Apical Long Axis-Apical 3-Chamber View
©Walter Rasmussen, R.D.C.S.
The apical long axis looks similar to the parasternal long axis view and is found by rotating the transducer about 20-30 degrees counter-clockwise from the apical two- chamber view to the point where the left ventricle, left atrium, mitral and aortic valves are visualized
The apical long axis has advantages over the parasternal long axis including: better visualizes the cardiac apex and an alternate view of the mitral and aortic valves, thus enabling a more comprehensive assessment of valvular lesions. When the parasternal long axis view is sub-optimal, the apical long axis serves as a good back-up view to it.
When the apical long axis image is of poor quality, respiratory maneuvers, (sustained inhalation or exhalation), can aid in creating images with greater clarity and also helps to avoid a foreshortened view or having to move up the chest wall to what is actually a low parasternal view. As with all respiratory maneuvers, it may be necessary to move the transducer medially or laterally as the heart is pushed or pulled by the lungs.
Two-dimensional echo in the apical long axis view should demonstrate left ventricular wall motion, outflow tract anatomy, and the systolic and diastolic motion of the aortic and mitral valves. The apical long axis is particularly valuable in demonstrating a prolapsed or flail mitral valve leaflet and narrow anteriorly or posteriorly directed regurgitant jets. Color Doppler of mitral diastolic flow and regurgitation as well as systolic and diastolic blood flow of both the left ventricular outflow tract and aortic valve can be clearly demonstrated in this view, aiding in determination of the severity of aortic stenosis and insufficiency, mitral stenosis and regurgitation and left ventricular outflow tract obstruction.
For the evaluation of an AR jet, adjust the color Doppler box to show its width and full extension into the left ventricle. The color Doppler box width should be kept to only what is necessary in order to keep the frame rate above 17 Hz and the color Doppler scale should not be set between 50-60 cm/sec in order to ensure that the degree of regurgitation will not be diminished, nor exaggerated.

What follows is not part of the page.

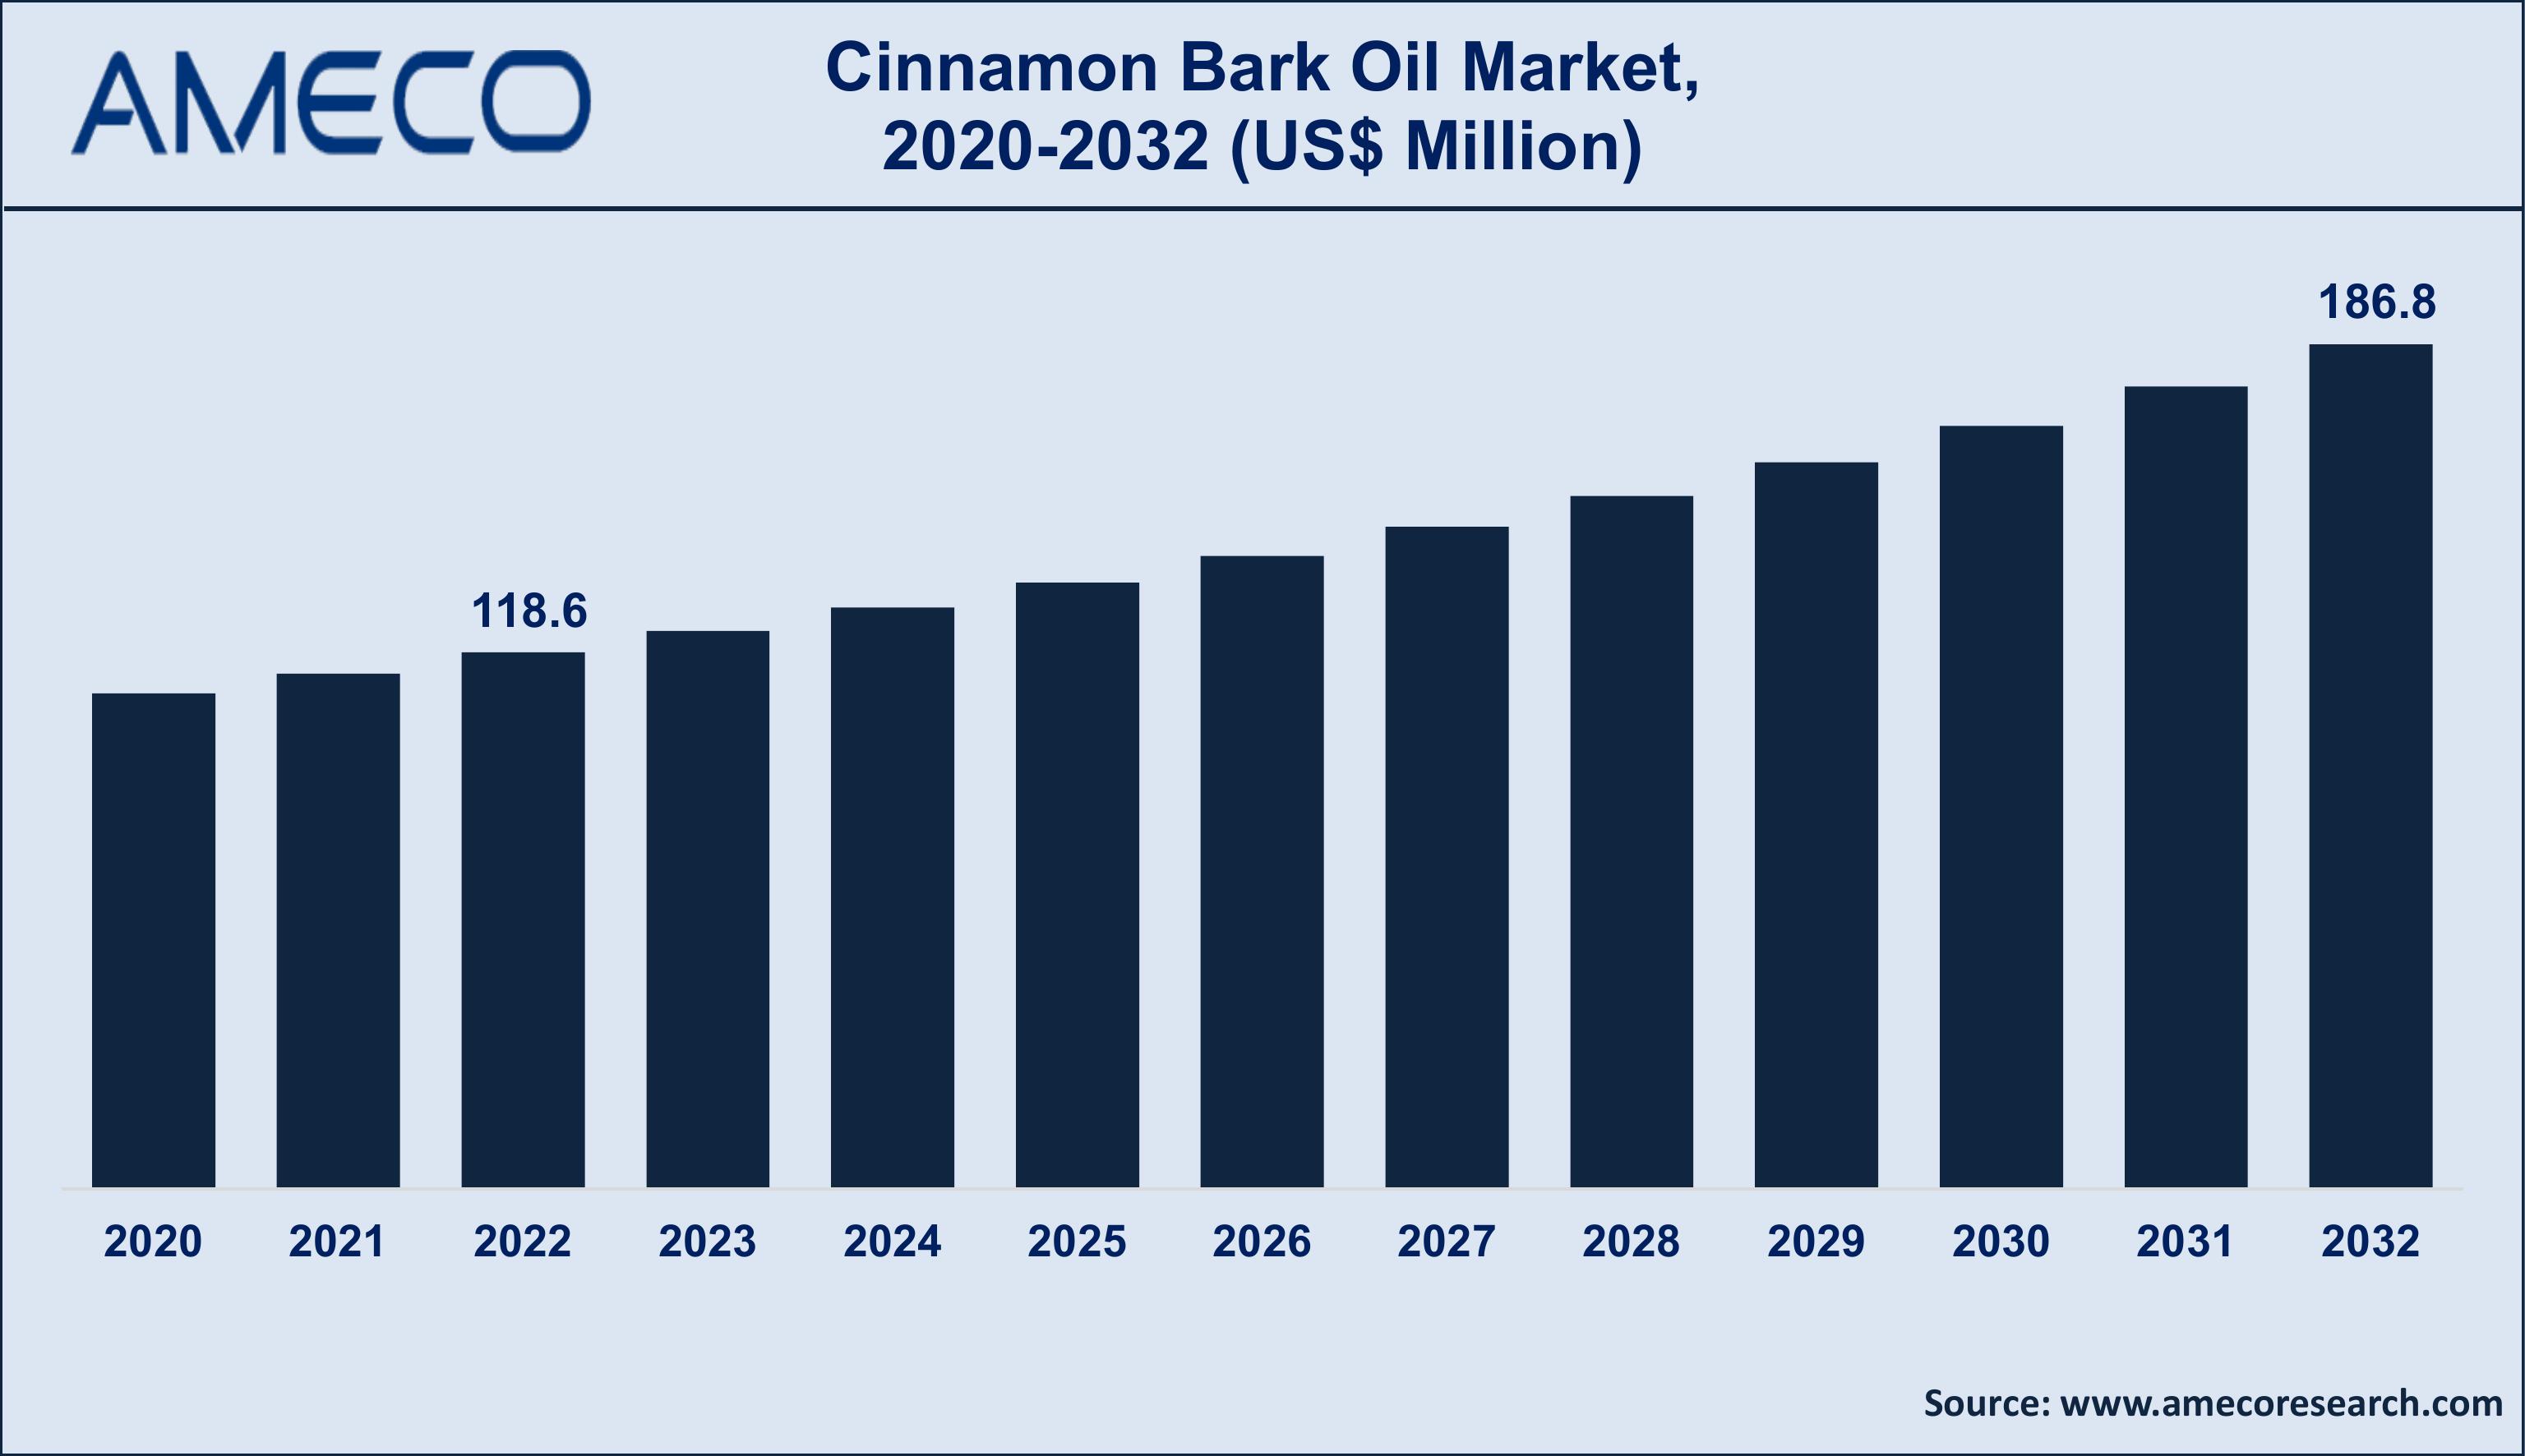 Cinnamon Bark Oil Market Trends
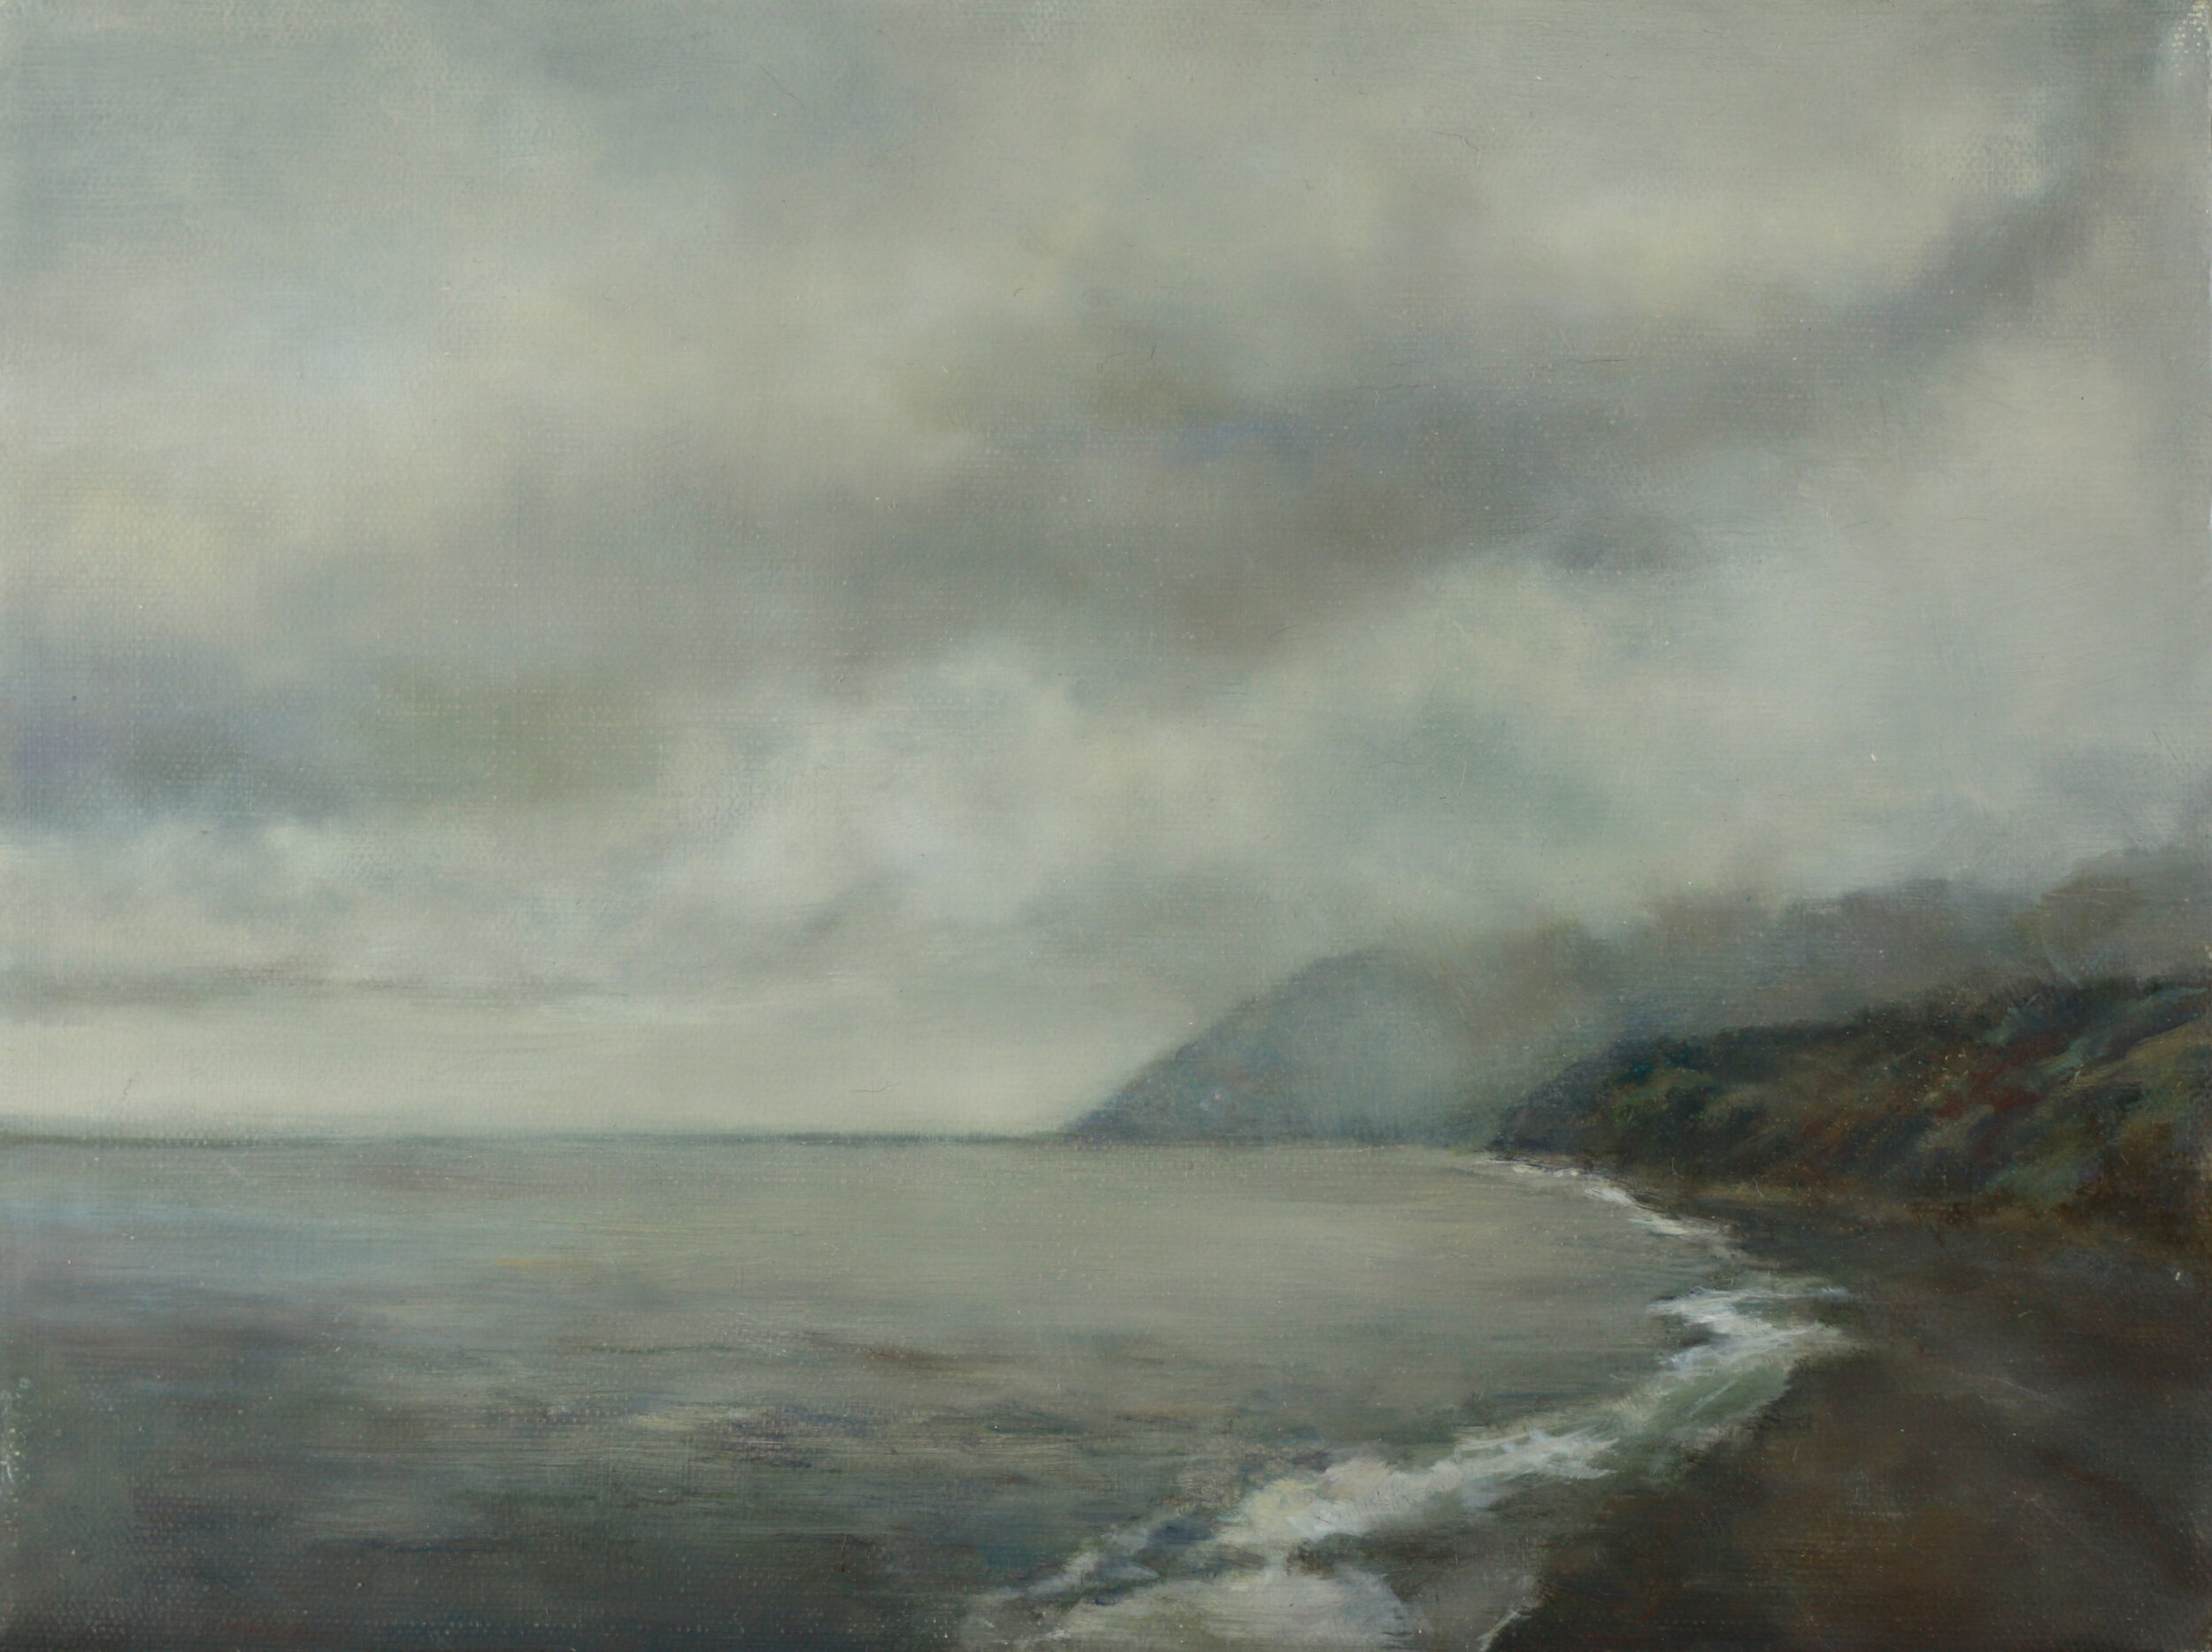  Mary Lou Schempf  Cape Breton Fog,  9” x 12”, oil on canvas   (private collection)

In patients who are being investigated for hypertrophic obstructive cardiomyopathy, aka, HOCM, the sonographer has the option to perform the same detailed Doppler evaluation as described earlier in this guide in the section covering the apical five chamber view. Zooming-in, (preferably with write zoom rather than read zoom), on the mitral and aortic valves helps to obtain a more complete assessment of valvular morphology and function.